We had assumed that the most challenging aspect of the project be the re-implementation of the assortment of SharePoint 2010 components as their newer, cloud-capable alternatives. The other part of the project, the content migration was supposed to be relatively straightforward. We had invested in an industry-leading content migration tool, successfully tested it on a subset of the customer’s content and were confident that with the necessary amount of finesse (and brute force when required), the tool could handle whatever challenges we would throw at it.

Unfortunately, despite our optimism and promising results from our early migration efforts, the content migration exercise would stymie the commercial migration tool and throw up a series of increasingly complicated challenges for us.
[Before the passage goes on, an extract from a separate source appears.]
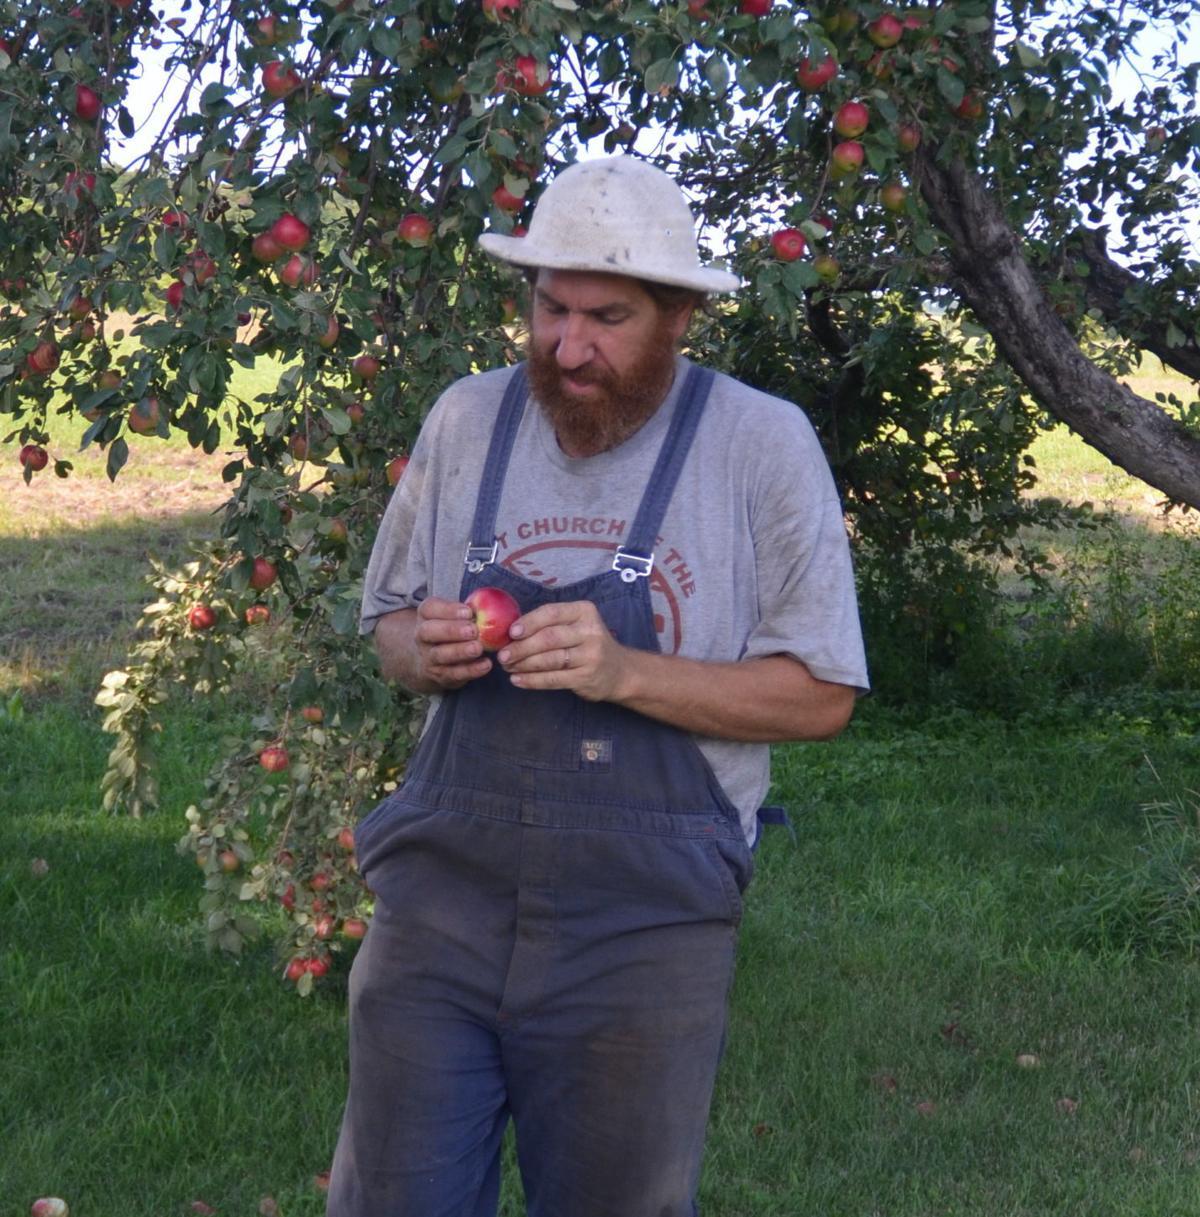 Daniel's apple

We started the project with two parallel streams of work – development of the application components proceeded as planned and we had first versions of the complex event receivers implemented as webhooks within a matter of weeks. By that time, we had expected to have made serious headway into the content migration, but this was not the case.

We had approximately 60,000 individual file versions to migrate and whilst this doesn’t sound like a lot, it was going to test out mettle as experienced SharePoint consultants. Details of the major challenges and how we approached them can be found below.

Simplifying the site structure through “flattening”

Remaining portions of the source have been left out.